In an emerging technology community like Los Angeles where funding is critical, a regulatory change is giving companies a voice.
The Securities and Exchange Commission last week lifted an 80-year ban on general solicitation that forbade private companies from publicly advertising for fundraising. As a result, many L.A. startups are expecting to benefit.
Many of the boosters of the new rule are companies that have the most to gain from relaxed investment regulations.
Take Crowdfunder, a Venice company that acts as a platform for brokering deals among investors and technology startups or small businesses raising money. Now that companies can advertise deals, Crowdfunder could see a boom in the number of deals listed through its site.
“This creates a much broader distribution channel,” said Crowdfunder Chief Executive Chance Barnett. “This has the potential to take people who might not even know that they qualify to invest and make them more aware of what small businesses are doing.”
But the change has a double edge: It also requires more work verifying that the money comes from legitimate sources. Some fear it could scare off some angel investors.
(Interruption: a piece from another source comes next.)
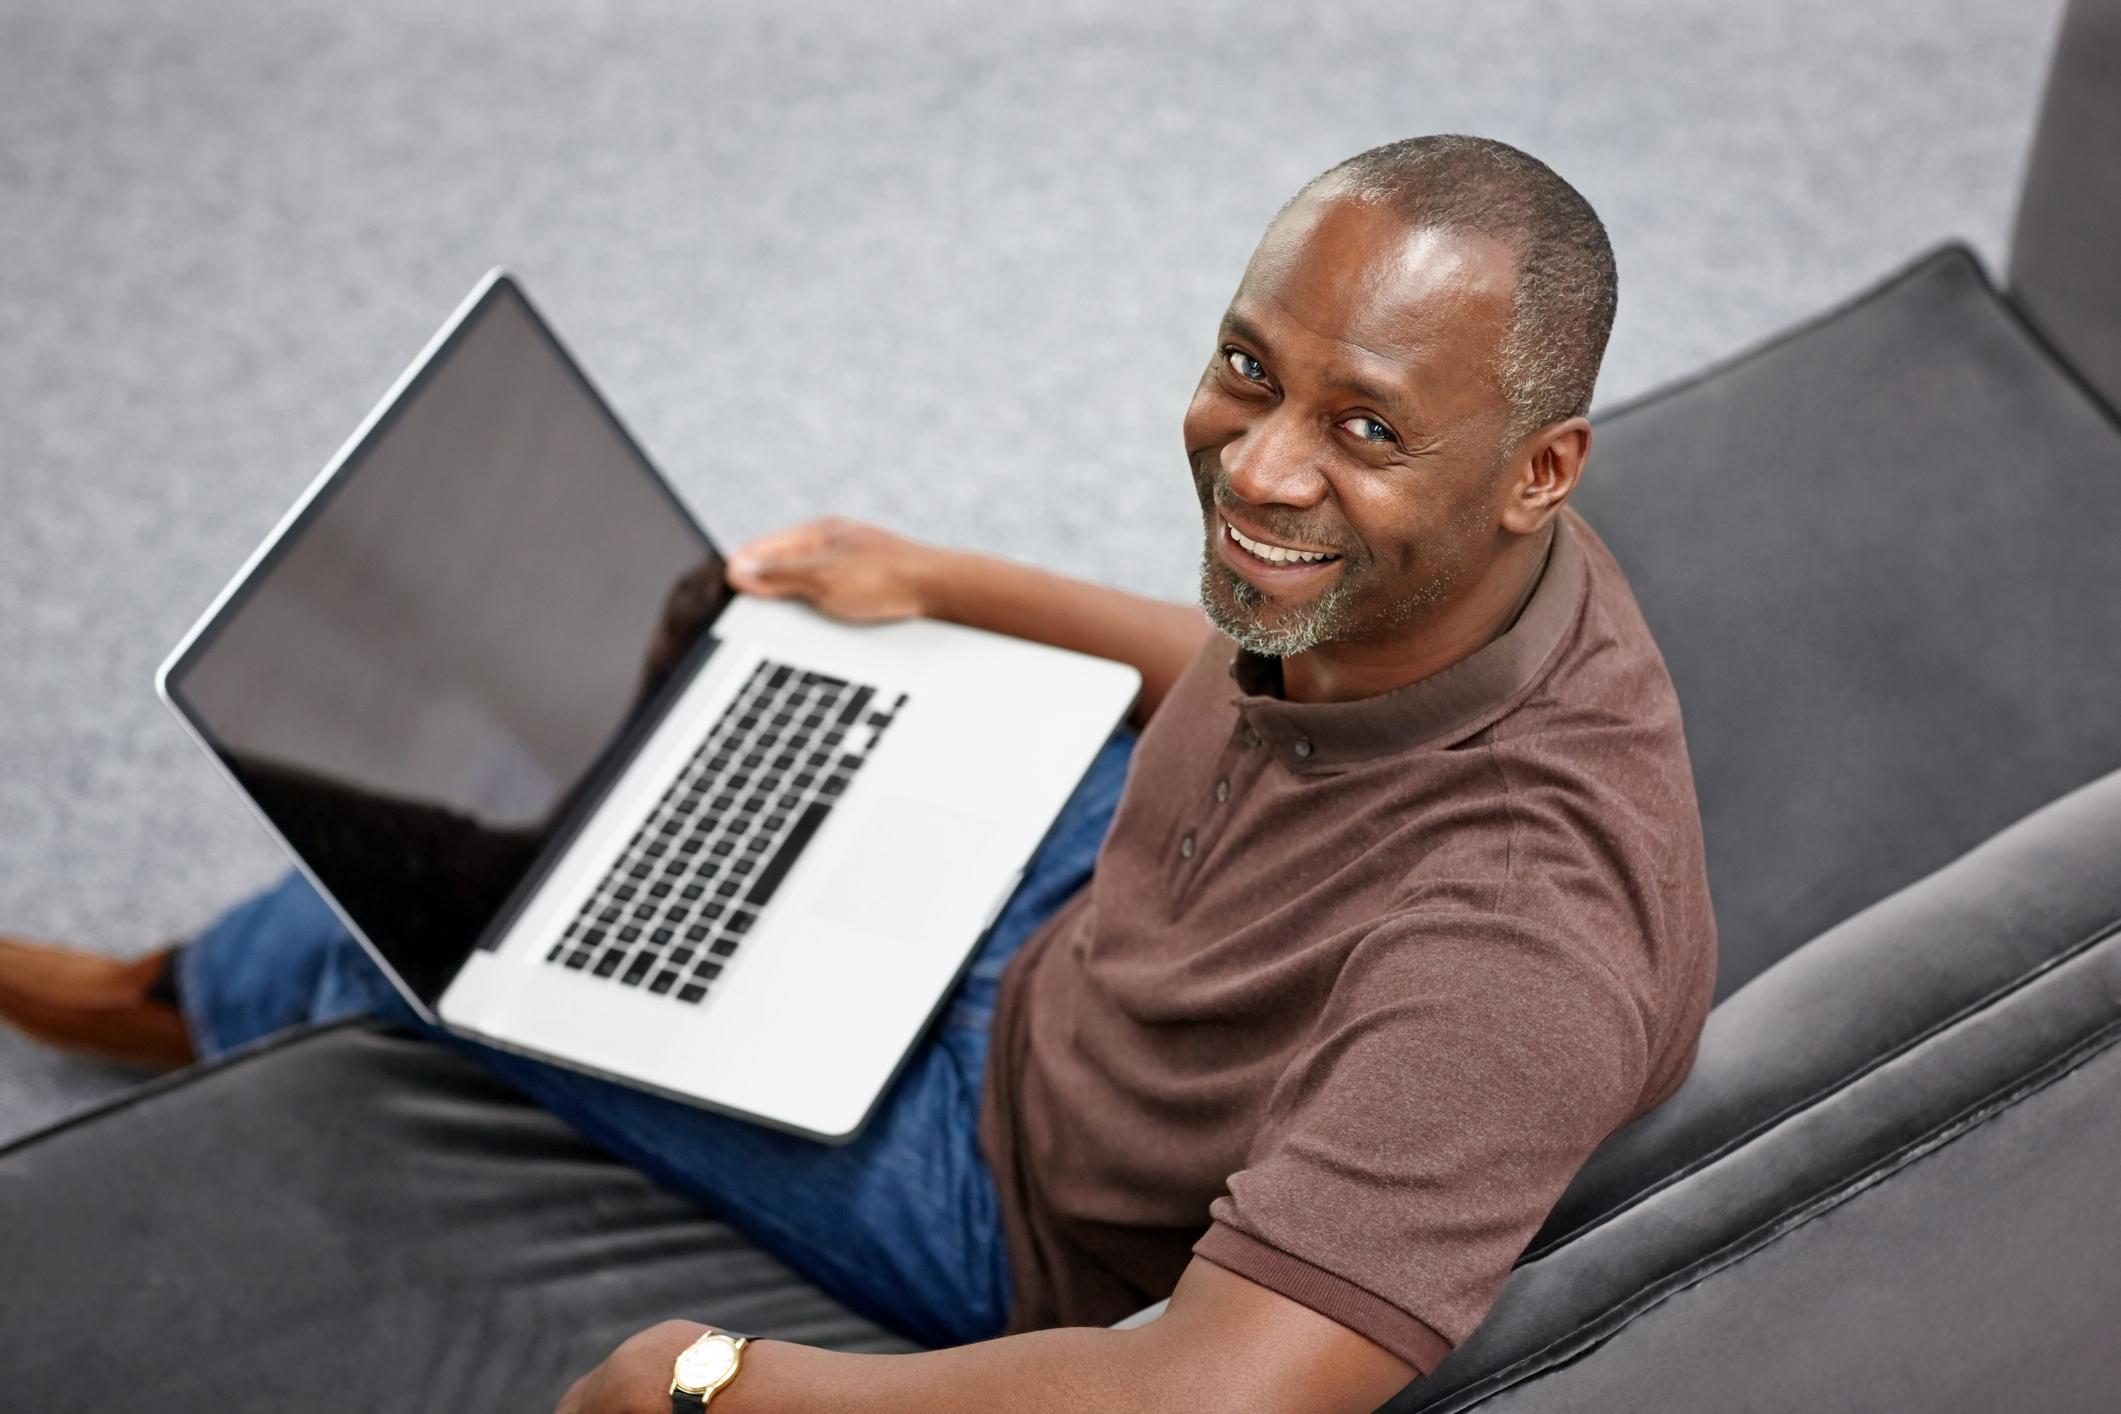 En man sitter i en soffa med en laptop i knäet. Mannen ler och tittar in i kameran.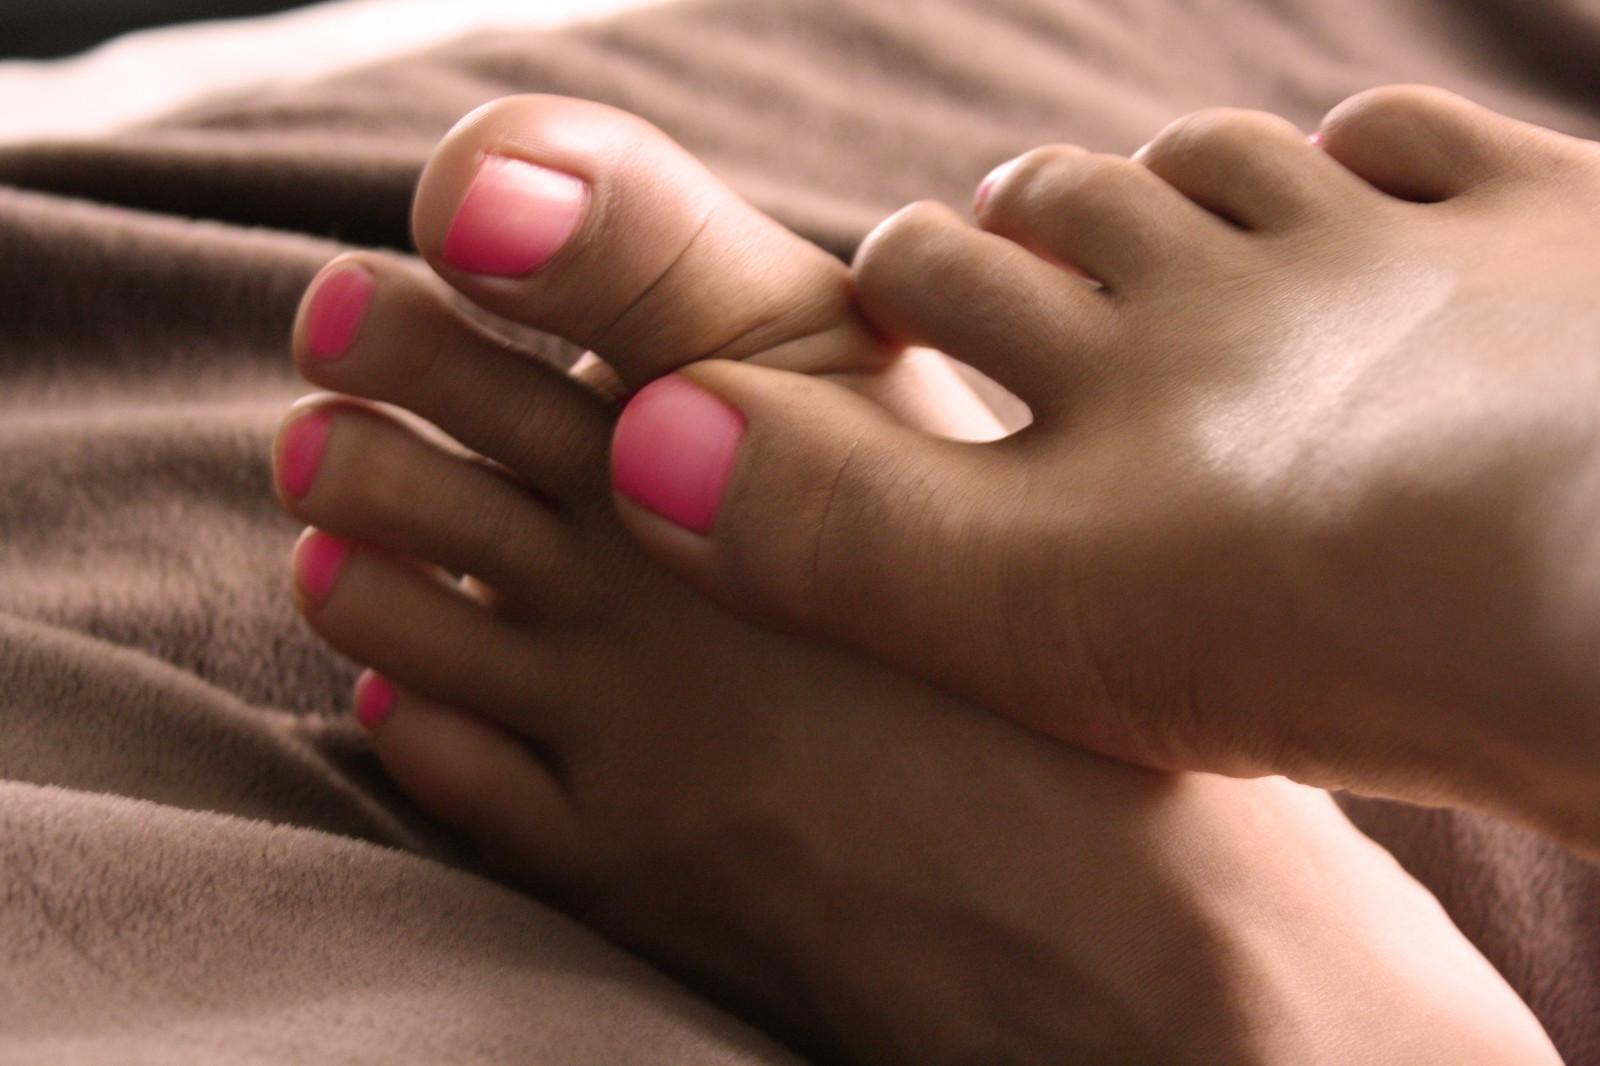 Очень много фото возбуждающие пальчики ног с кольцами

Still, the change could have an outsized impact on L.A.’s so-called Silicon Beach. The new rule allows private companies – including old and established companies – to advertise to sell their stock. L.A.’s large contingent of fast-growing tech startups is hungry for money and could be fertile ground for new investment, especially since many of them are creative and could be particularly effective at soliciting investments.
The SEC has long mandated that a private company that wants to seek investments but does not want to go public or publicly register its securities offerings must refrain from advertising.
By keeping the deal private, the company is also required to sell stock to primarily accredited investors – people with a net worth of more than $1 million or an annual income of more than $200,000.
But as of Sept. 23, a private company can advertise to sell its stock, provided all investors are accredited.
For companies that don’t advertise to raise funds, verification is as simple as having an investor check a box on the securities form. But if the company solicits a larger group for the deal, verification becomes more complex.
The SEC has said a company must “take reasonable steps” to verify an accredited investor. Examples of reasonable steps include viewing copies of tax returns or receiving confirmation of net worth from an accountant.